COLLECTED MATERIAL:
== Segment start ==

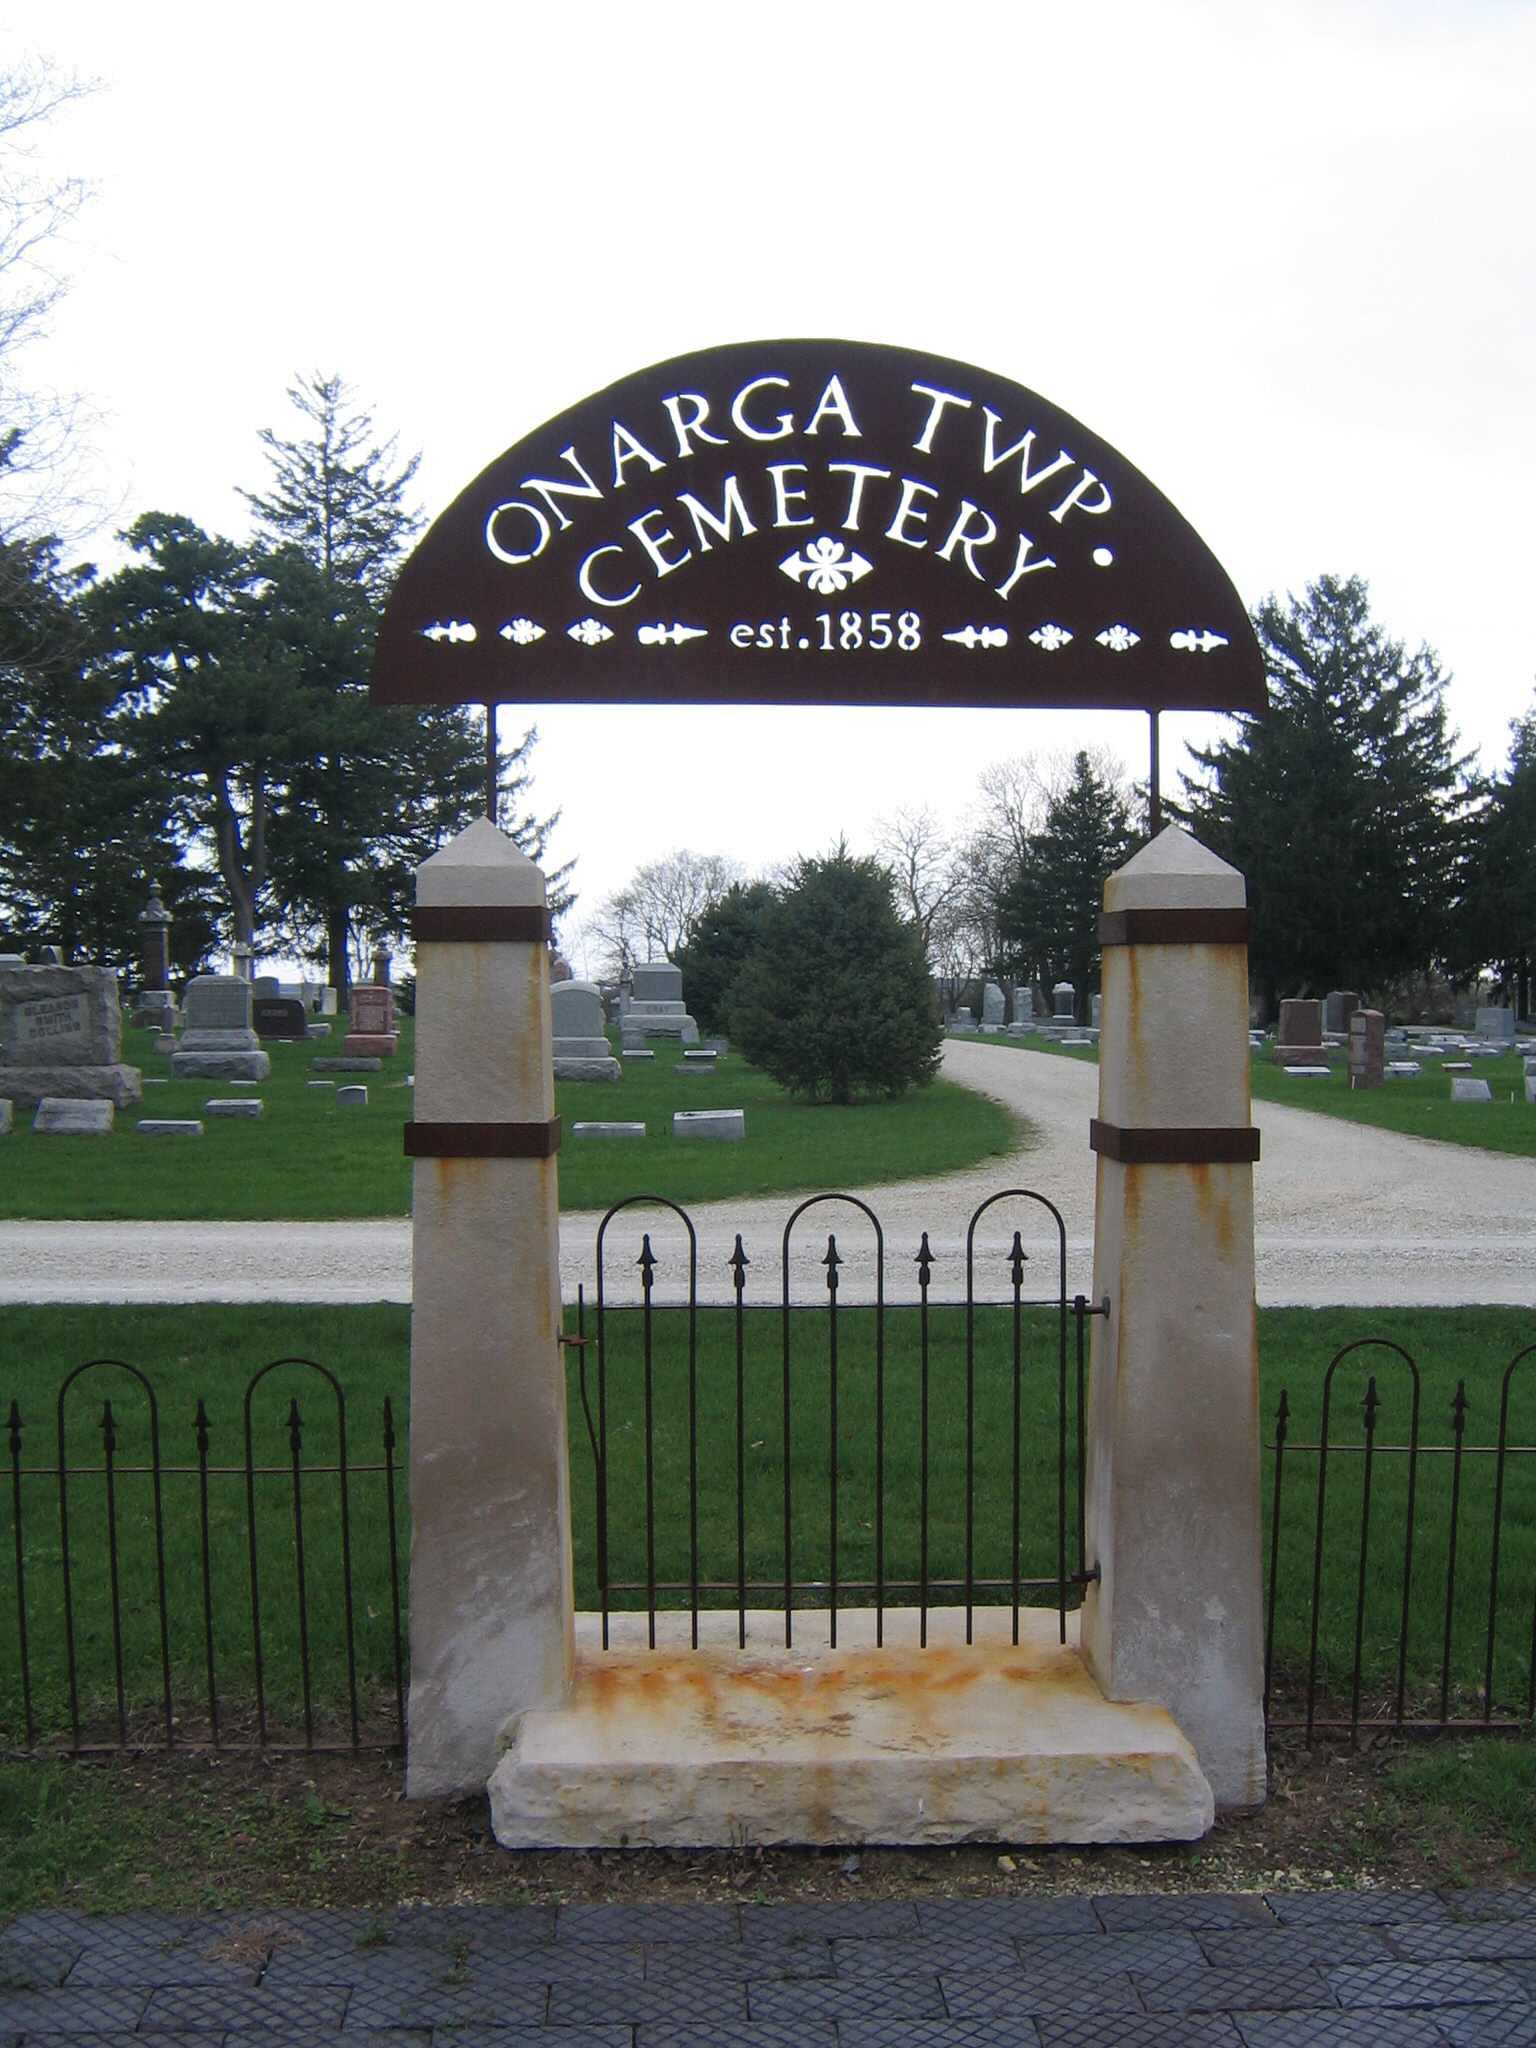 Onarga Cemetery
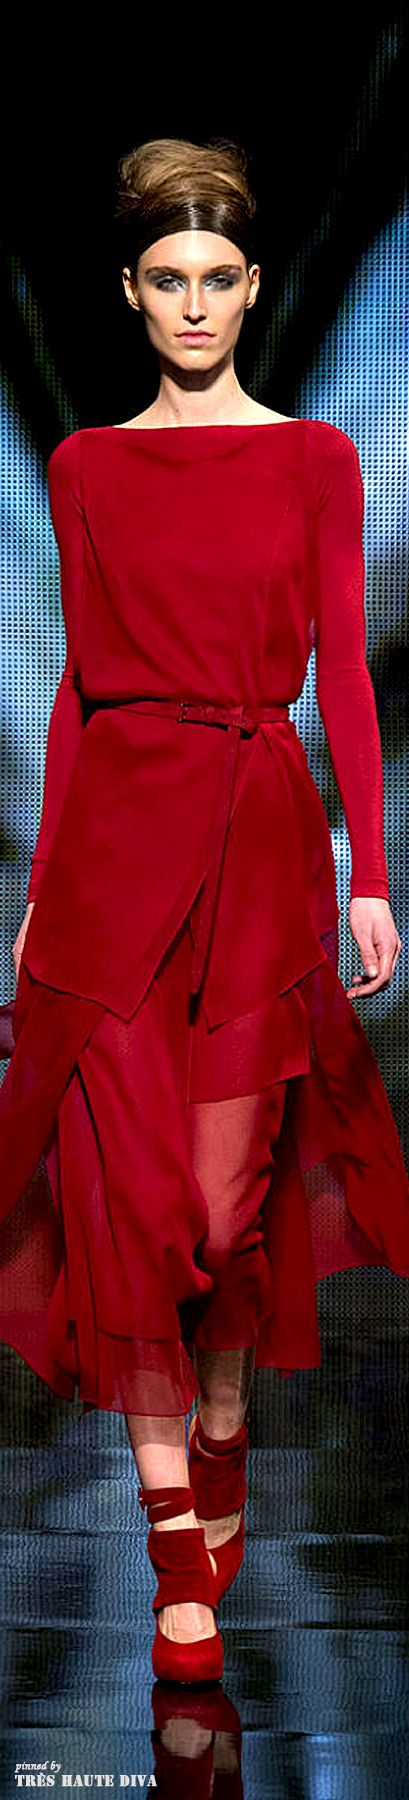 Donna Karan FW 2014-15 - New York Fashion Week | The House of Beccaria~
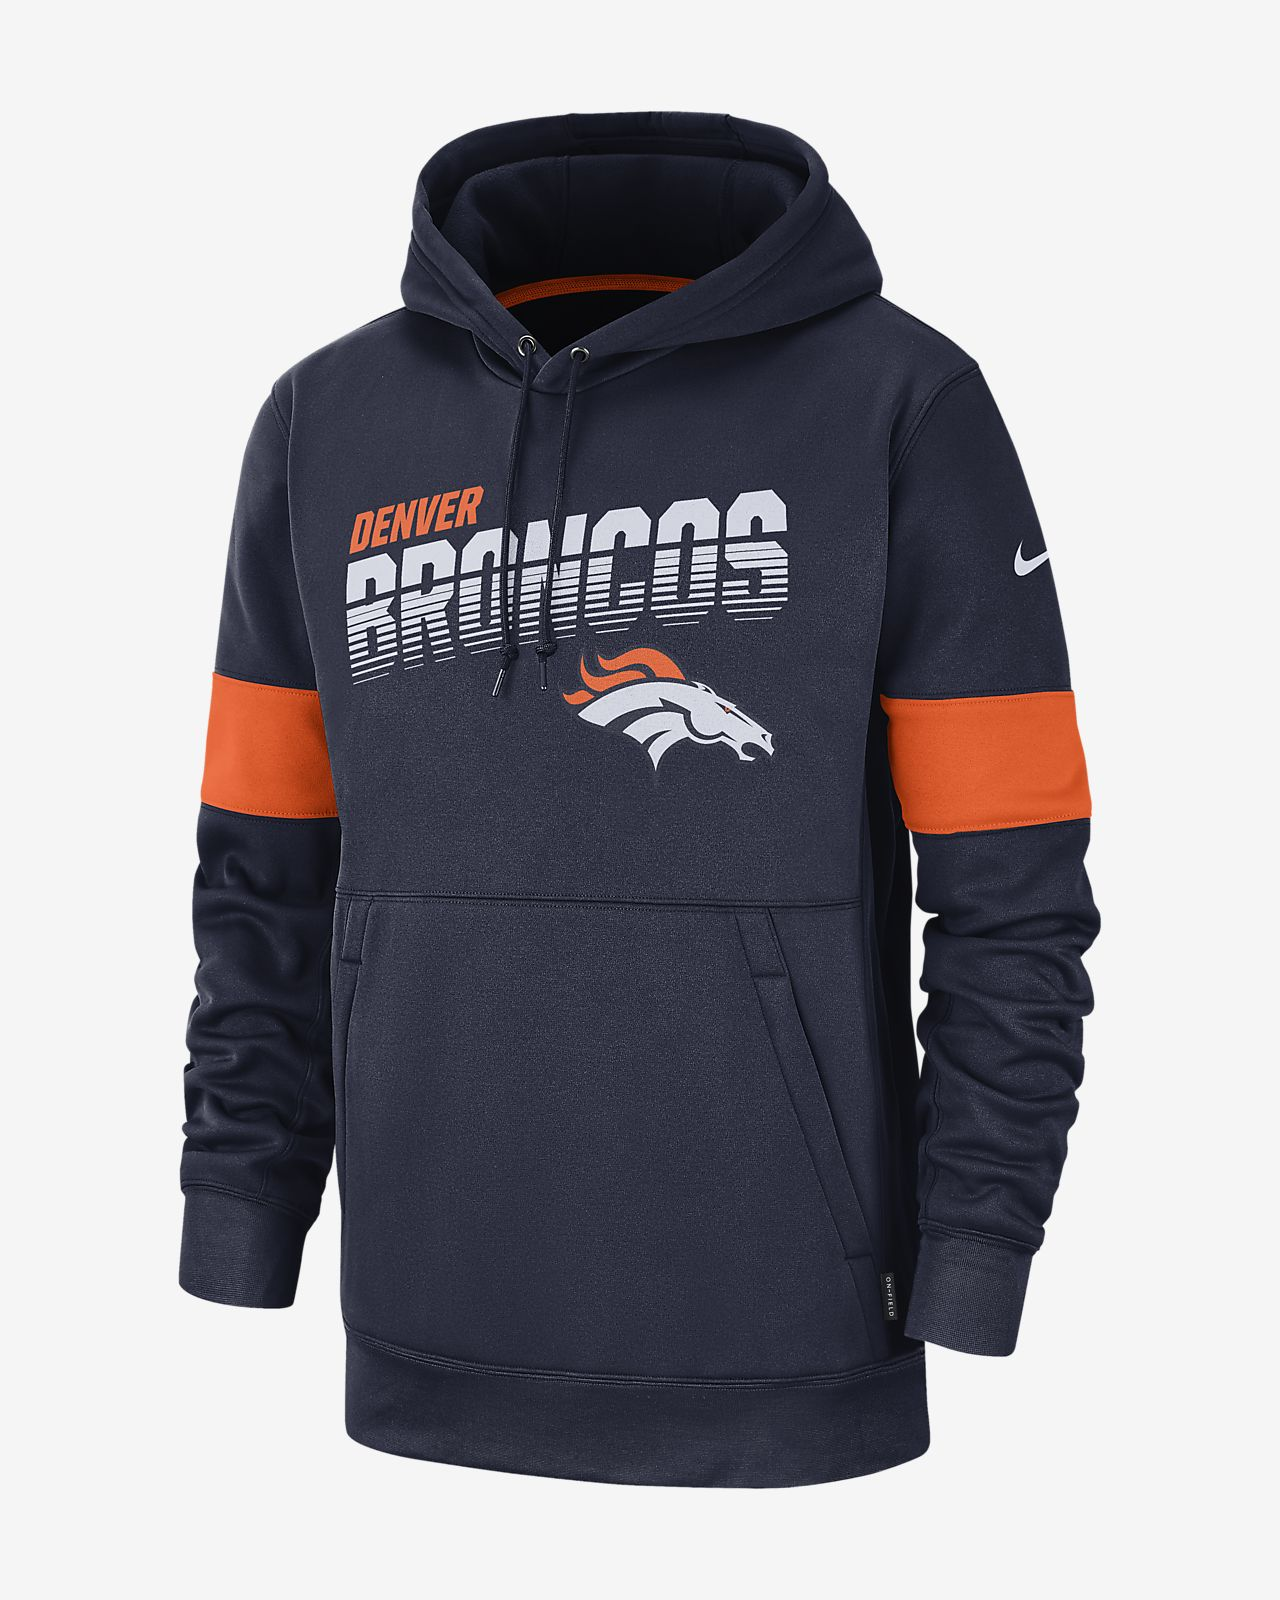 lowest price 9eb57 f8bb8 Nike Therma (NFL Broncos) Men's Hoodie
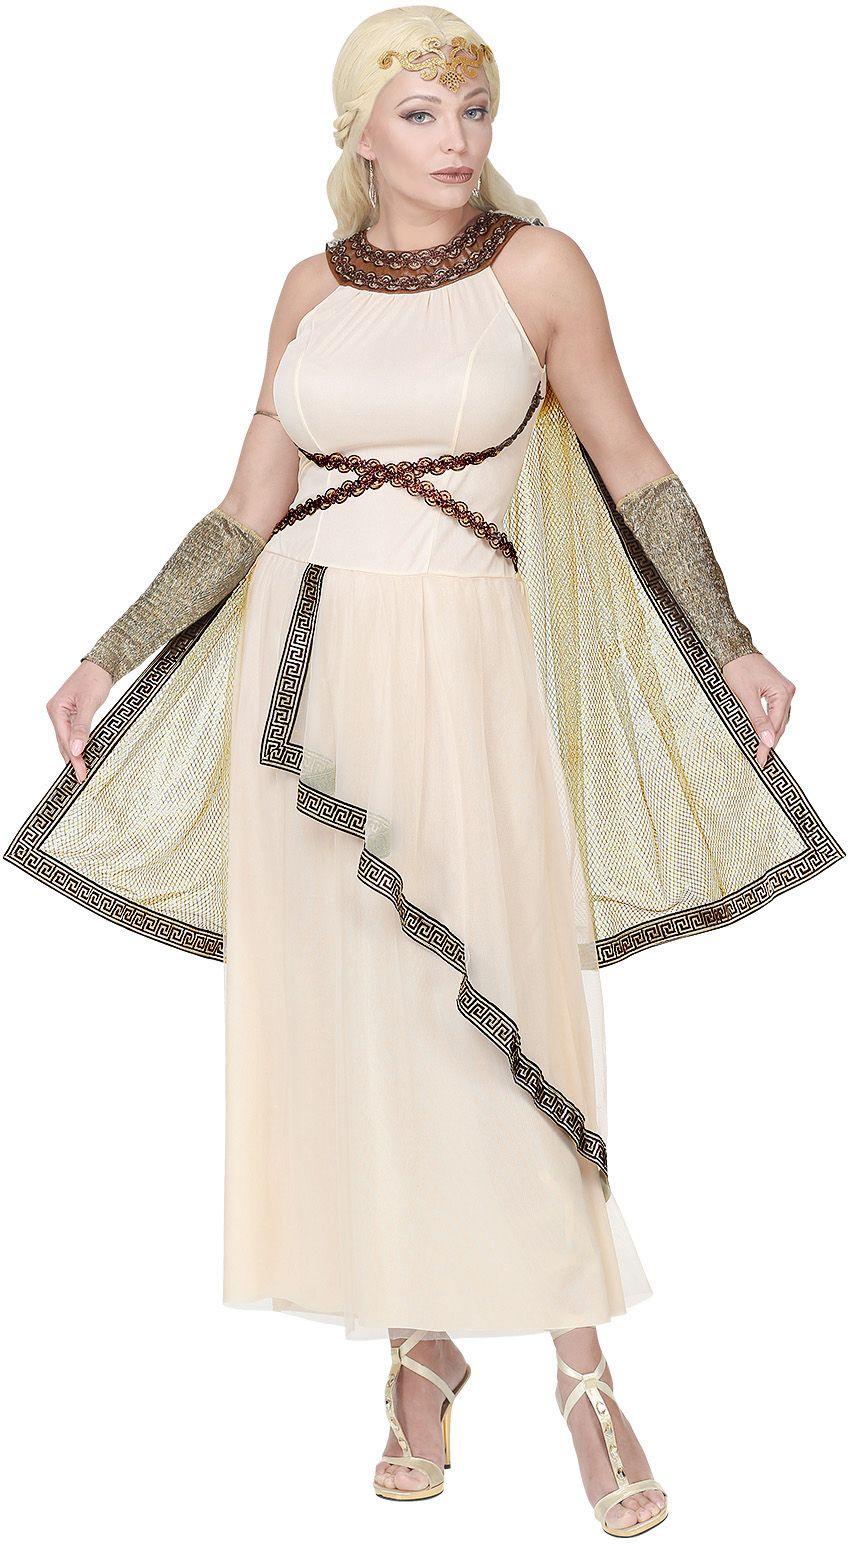 Witte jurk Romeinse godin

== Segment end ==

PROBLEM TO SOLVE: Reproduce the data above in full, exactly as it is, with the pictures left out.

RESULT BELOW:
 Onarga Cemetery
 Donna Karan FW 2014-15 - New York Fashion Week | The House of Beccaria~
 lowest price 9eb57 f8bb8 Nike Therma (NFL Broncos) Men's Hoodie
 Witte jurk Romeinse godin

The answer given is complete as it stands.